HMF: And in two letters - 1 and 2 - the longest sequence has length eleven.
Not so obvious.

VICTIM: Hmmmmmmmmmmm. I'll take your word for it.

HMF: Yeah, its elementary, but not immediate. Of course, a computer could
go through all sequences of length 11. But I do it by a proof.

VICTIM: Makes sense. OK. So what?

HMF: In k letters there is such a longest sequence.

VICTIM: Huh. Is that hard?

HMF: Well, it is fairly standard if you know a certain branch of combinatorics.

VICTIM: What branch?

HMF: Wqo theory.

VICTIM: Never heard of it.

HMF: Well, it's deep. If you don't know about it, it's not so easy to prove
there is a longest sequence. Ideas go back to Graham Higman. Anyways, let
me continue with my story.

VICTIM: OK.

HMF: In three letters, how long is the longest such sequence?

VICTIM: What's the condition again?

HMF: That no consecutive block of the form x_i,...,x_2i be a subsequence of
another consecutive block x_j,...,x_2j.

VICTIM: Right.

HMF: So, in three letters, how long is the longest such sequence?

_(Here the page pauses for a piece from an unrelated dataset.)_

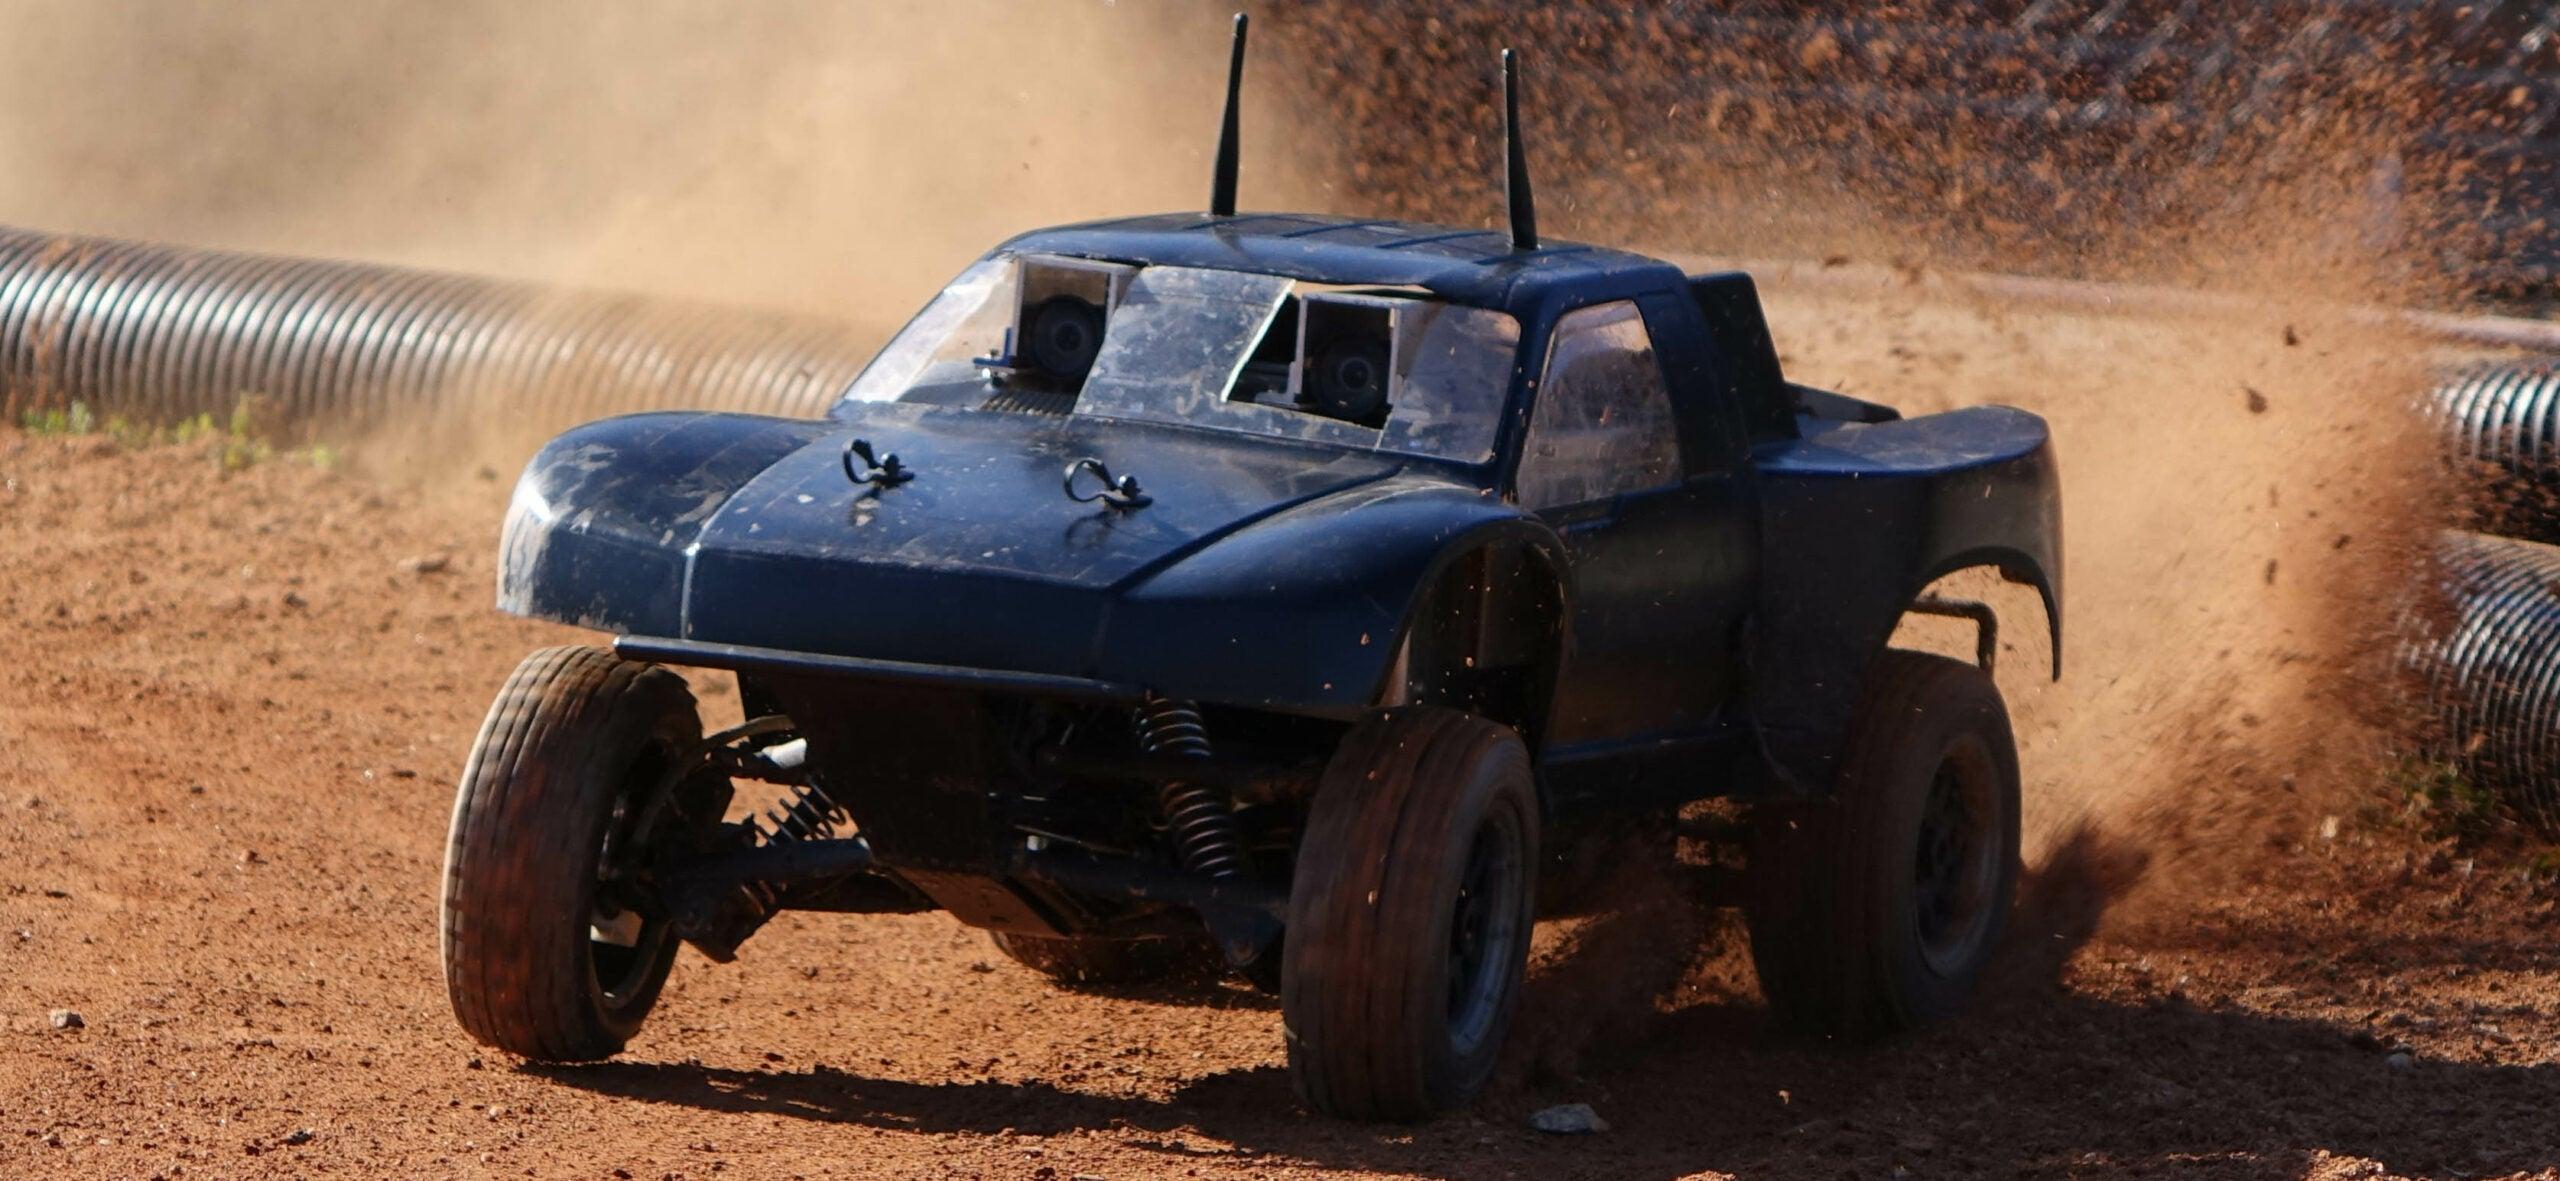 Georgia Tech Builds An Aggro Autonomous Rally Car

VICTIM: You want ME to answer?

HMF: Yeah.

VICTIM: Hmmmmmmmmmmmmmmmmmmmmmmmmmmmmmm. I'm not sure.

HMF: Guess.

VICTIM: Do I have to?

HMF: Absolutely.

VICTIM: Well, you say in one letter its .....

HMF: 3.

VICTIM: Of course. And in two letters, its ..........

HMF: Eleven, remember?

VICTIM: Yes.

HMF: And in three letters?

VICTIM: Hmmmmmmmmm. Certainly less than 200. Could be something like 60 or so.

HMF: Time's up.

VICTIM: 150.

HMF: Well, you are a little bit off.

VICTIM: Too high?

HMF: No, too low. Want to guess again?

VICTIM: No. Just tell me.

HMF: Well, here is a very very bad, small lower bound.

VICTIM: OK.

HMF: Let p be an exponential stack of 2's of height 1 trillion. That is a
small lower bound.

VICTIM: What???

HMF: Let p be an exponential stack of 2's of height 1 trillion. That is a
small lower bound.

VICTIM: Oh my God!!!!!!!!!!!!!!!!!!!!!

HMF: And now consider an exponential stack of 2's of height p.

VICTIM: Of what height??

HMF: Of height p. You know, p is itself an exponential stack of 2's of
height 1 trillion.

VICTIM: No!!!!!!! I can't take it any more. This is really surprising. Giggle.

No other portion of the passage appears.